Untitled (São Paulo) Composition II 1949 is a black and white vintage print by the Brazilian artist Geraldo de Barros. It was taken in São Paulo at a time when de Barros was creating abstract compositions out of photographs of architectural features. In this work he photographed an elaborate iron chair through a pane of textured glass. The glass distorts the image of the chair and its raking shadow, and casts a veil of horizontal lines across the composition. A related work from the same year is Abstraction (São Paulo) (Tate P14600), in which the textured glass and iron framework of a window provides the basis for the composition. This second work is from the series Fotoformas (‘photoforms’). Untitled (São Paulo) Composition II shows de Barros’s experimentation with both the formal and technical aspects of photography.
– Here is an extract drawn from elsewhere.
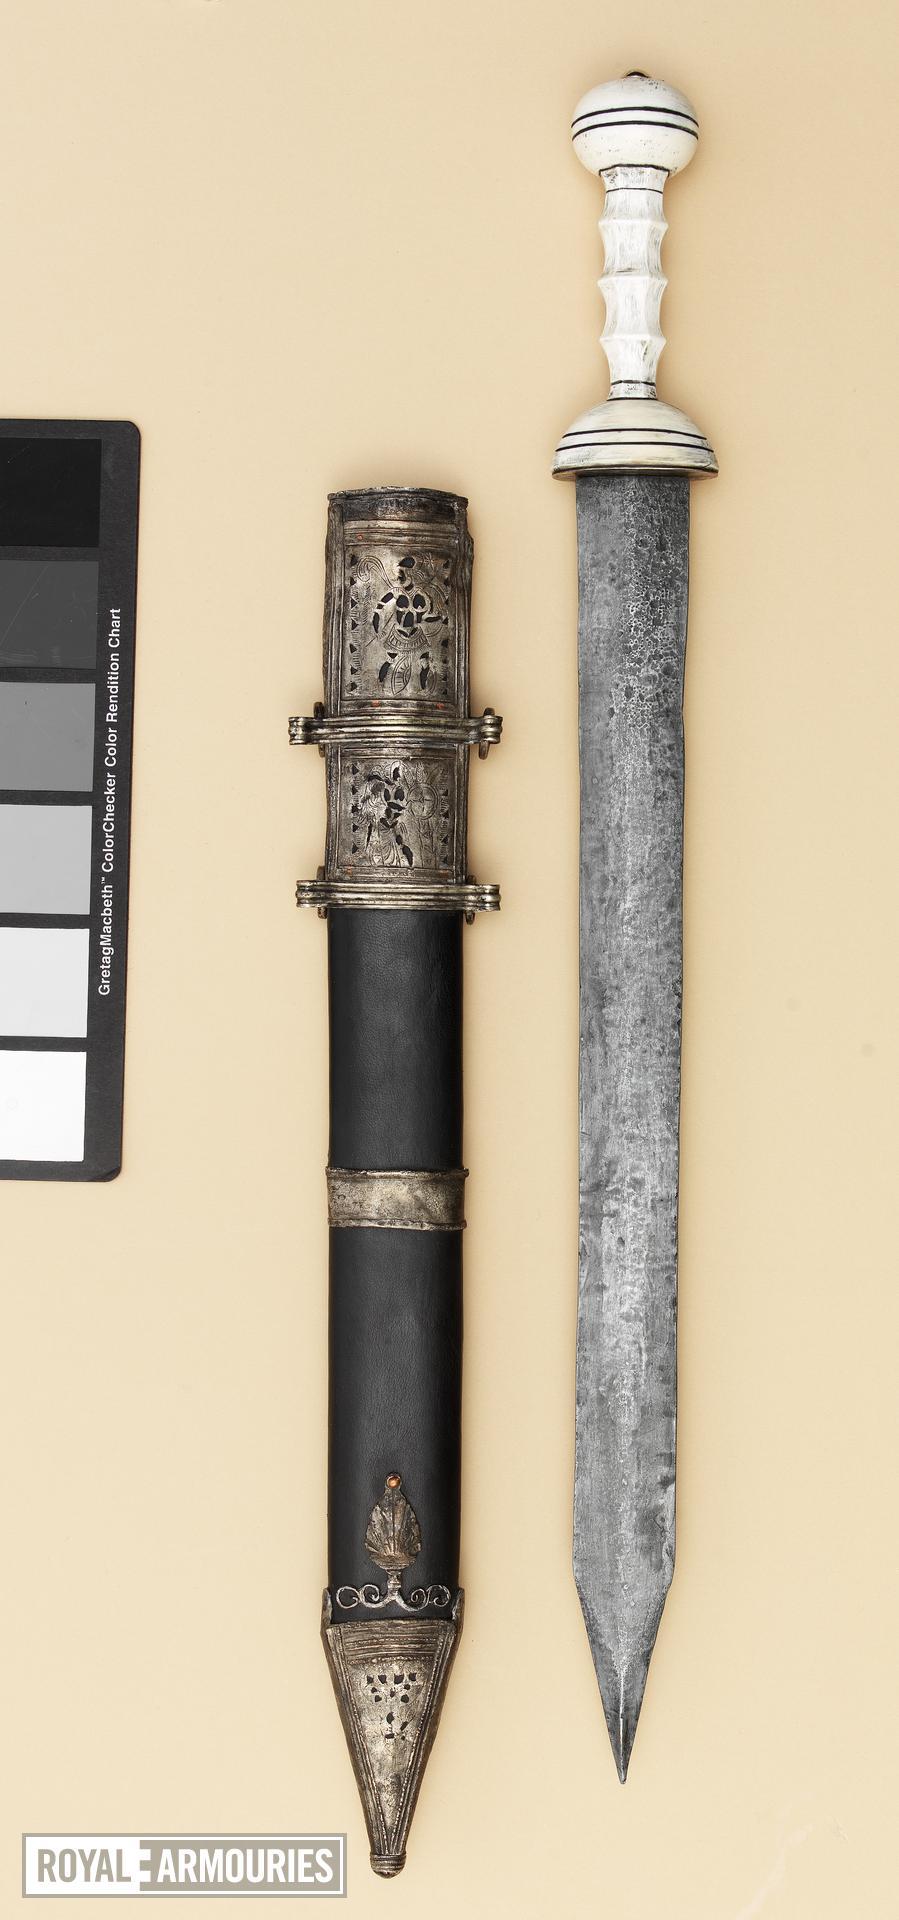 Gladius and scabbard Replica of IX.5583, Roman gladius and scabbard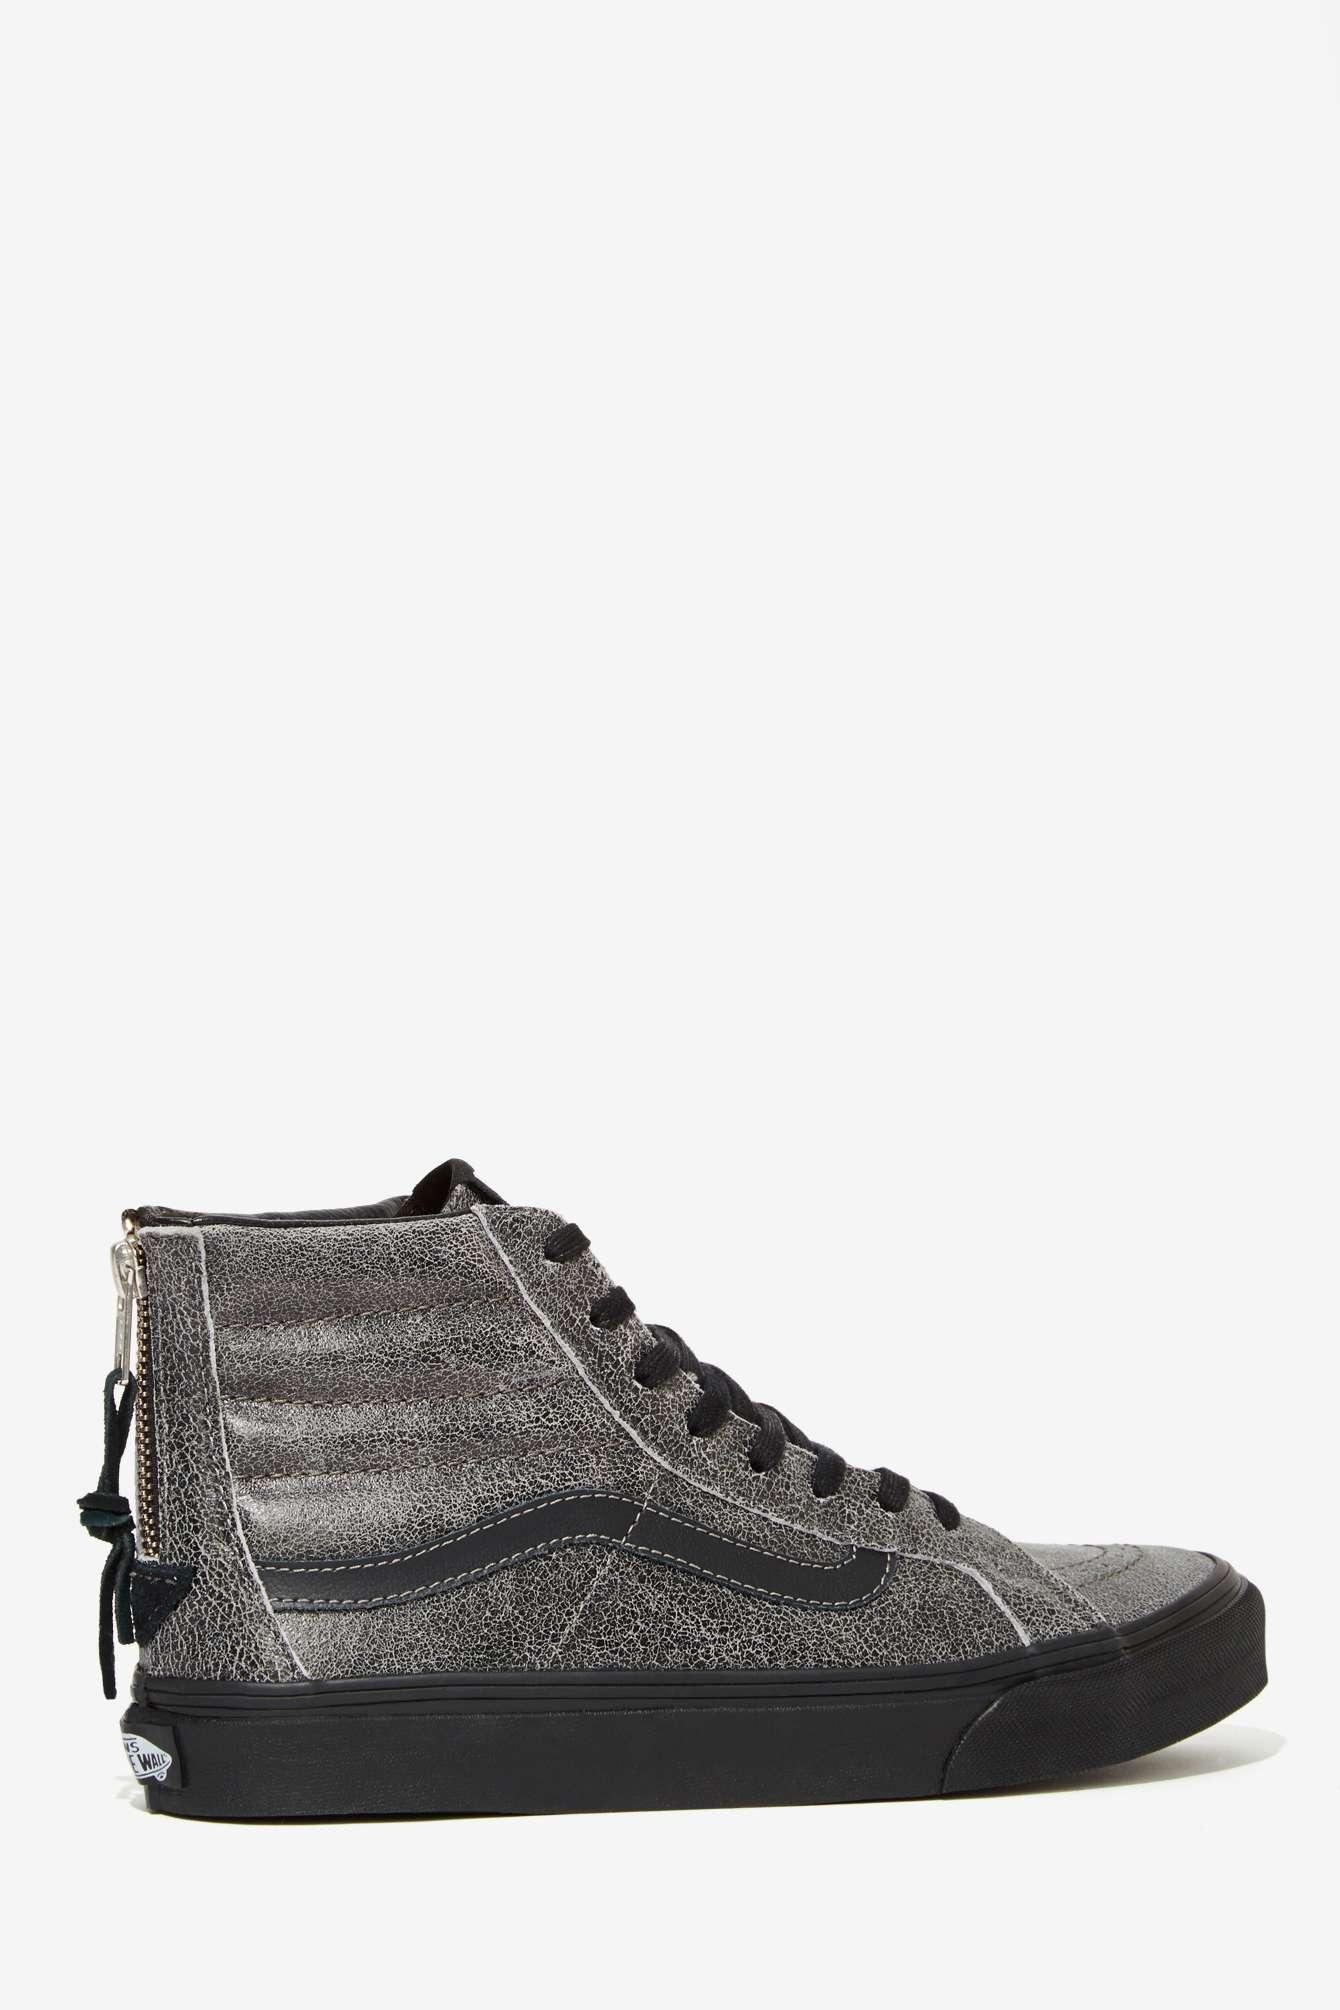 347f5b2db2ad8 Lyst - Vans Sk8-hi Slim Sneaker - Black Crackle Suede in Black

Its subject brings together domestic architecture and abstraction.

The Fotoformas series is widely viewed as having been instrumental in introducing a new era in photography in Brazil. Made between 1949 and 1952, the Fotoformas are dominated by de Barros’s manipulation of the photograph through techniques such as cropping, montage and superimposition, and the varying intensity of light used, as well as its direction. The results are near-abstract compositions in which light, shade and volume are explored. The Fotoformas reflect the influence of Brazilian concrete art and are also closely related to the principles of abstract painting. In the brochure produced for de Barros’s exhibition ‘Fotoforma’ at the Museu de Arte de São Paulo (MASP) in 1950, curator Pietro Maria Bardi gave an account of the artist’s work:

Composition for Geraldo is a necessity, he orders it by choosing from the millions of linear segments he sees, by superimposing negative on negative, modulating the tones of his only colours: black and white, intensifying the ink … he achieves a pure language.
(Bardi, trans. in Geraldo de Barros: Sobras + Fotoformas 2006, p.3.)

In his ‘Fotoforma’ exhibition, de Barros experimented with combining the different registers of his photographic work, mixing more abstract Fotoformas with more straightforwardly architectural and urban images. He displayed them unframed, attached to poles that ran from floor to ceiling, sometimes in montages of a number of images mounted on panels, giving them a spatial presence closer to architecture or sculpture. Many of de Barros’s photographs were taken in Brazil, and for the most part in São Paulo. They capture the geometry of the modern city’s architecture and its technological and industrial forms. Such subjects embodied the optimistic post-war era in Brazil, when modernist developments were a source of fascination and pride and were having a transformative effect on Brazilian society, particularly its urban centres.

From 1947 de Barros frequented São Paulo’s Photo Cine Bandeirantes Club (Photo Cine Pioneers Club), one of the most prominent of the amateur photographic clubs which were largely responsible for the emergence of experimental modernist photography in Brazil. In 1947 he founded Group 15, a circle of experimental photographers. At this time he also became familiar with the photographic experiments of European and American artists such as Man Ray (1890–1976) and László Moholy Nagy (1895–1946). In 1949, he was given responsibility for the organization of the laboratory of photography of the Museu de Arte de São Paulo. It was in this environment that he began his own experimentations in the Fotoformas.

Further reading
Geraldo de Barros: Sobras + Fotoformas, 2 vols., São Paulo 2006.